RE: random writes with different patterns

"Foley, Robert" <robert.foley@xxxxxxx> · Wed, 13 Apr 2016 20:08:22 +0000

>On Wednesday, April 13, 2016 1:39 AM,  Sitsofe Wheeler [mailto:sitsofe@xxxxxxxxx] wrote:
>Some sort of "generation" id in the header would allow better verification when using something like 
>loops (assuming it was being incremented on a per iteration basis). Perhaps what is needed is some 
> sort of verify_header_extra_pattern that allows a few extra bytes to be set in the header and verified later...

This is a good point.  The verify_header_extra_pattern parameter alone would solve one of our use cases where we want to write a sequence of random blocks with a pattern and then overwrite the same sequence with patterns that vary just by that extra pattern.   With use of randseed, we will be able to write to the same set of blocks with random data.  But in between runs it would be enough for only this extra_pattern in the header to vary.  Also, the naming that you suggested seems just right here.  We can start putting this together soon, and will contribute it when it is ready.
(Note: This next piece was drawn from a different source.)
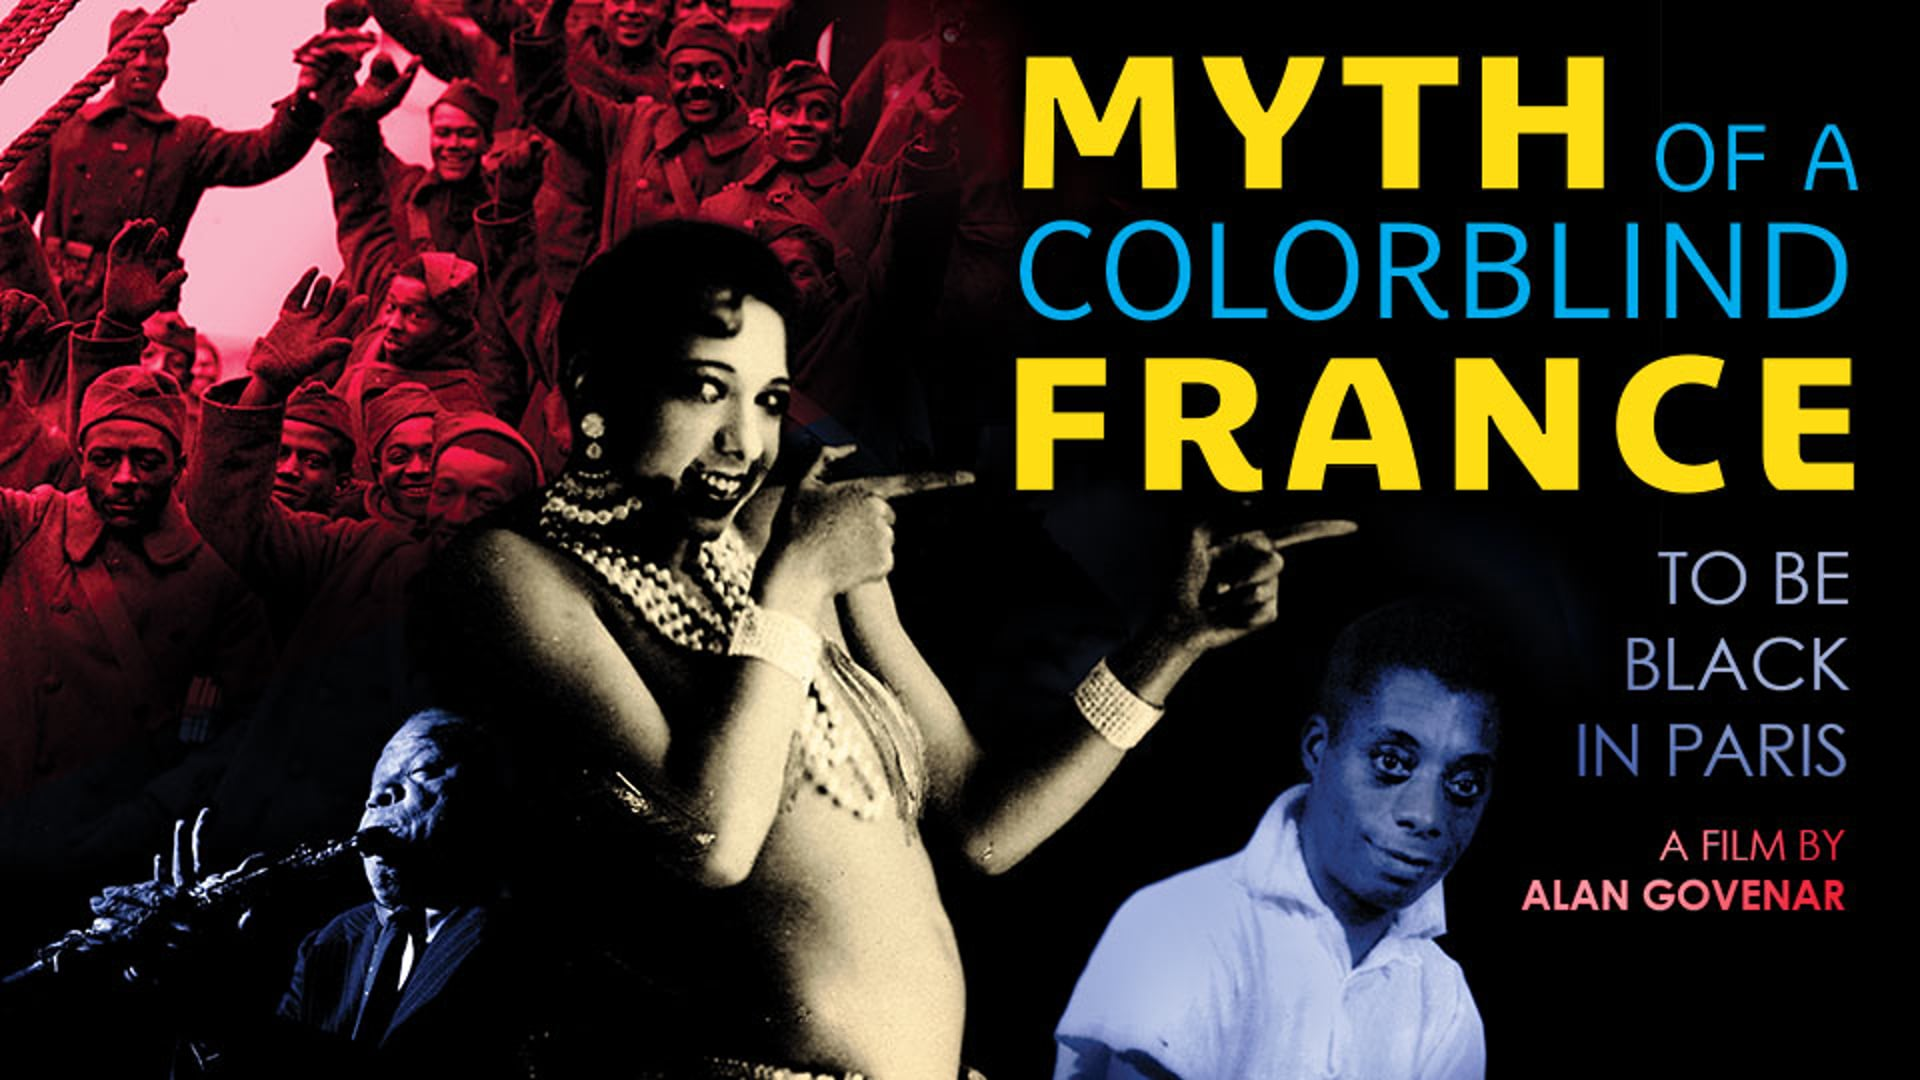 Myth of a Colorblind France - Trailer
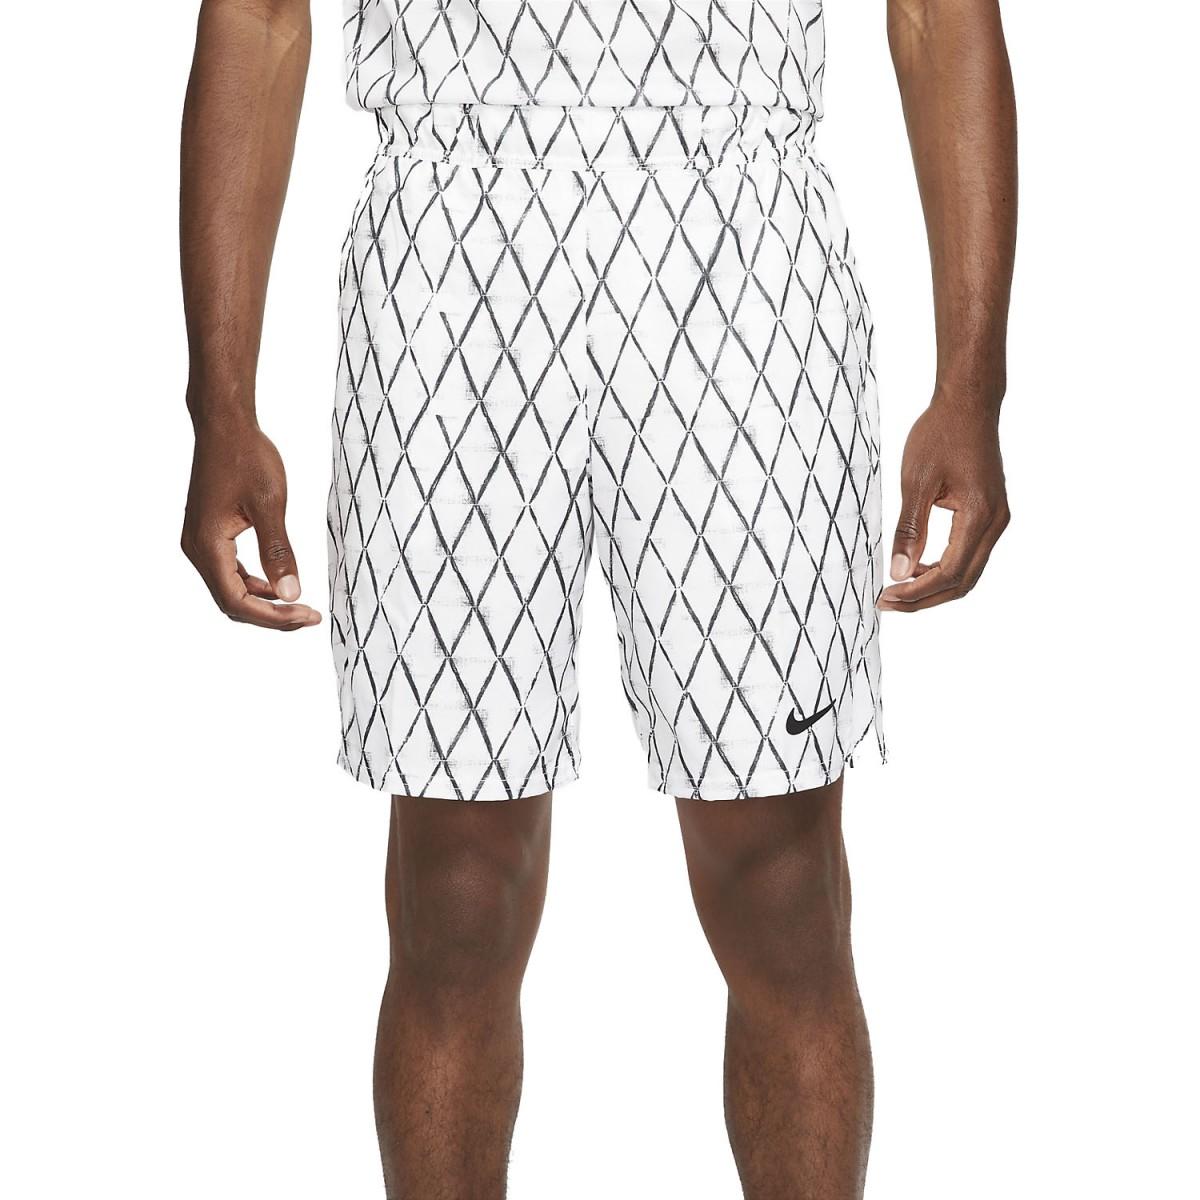 Теннисные шорты мужские Nike Court Victory Short 9in Printed white/black

> However this doesn't seem to solve your entire problem as I understood
> it: given the same randseed you want the ability for the same blocks to be written in the same order but with different 
>pseudorandom data contents? Further this data must be verifiable in a separate job?
>Would changing the buffer_compress_percentage option do?

You bring up a good point in that we do have a use case where we want the data in the block to also vary between runs to the same sequence of blocks.  So the use case is where we write a set of random blocks with random data.  Later we do want to be able to verify that data is the same.  But we also want to overwrite that same sequence of blocks with a different data pattern.  We looked at the buffer_compress_percentage option and we believe that this does not help us since we want to be able to write blocks that are completely different from the prior run block.  We were concerned that we might be testing a use case where we actually do not want the data to be compressible/dedupable so it would be better for the entire block to vary.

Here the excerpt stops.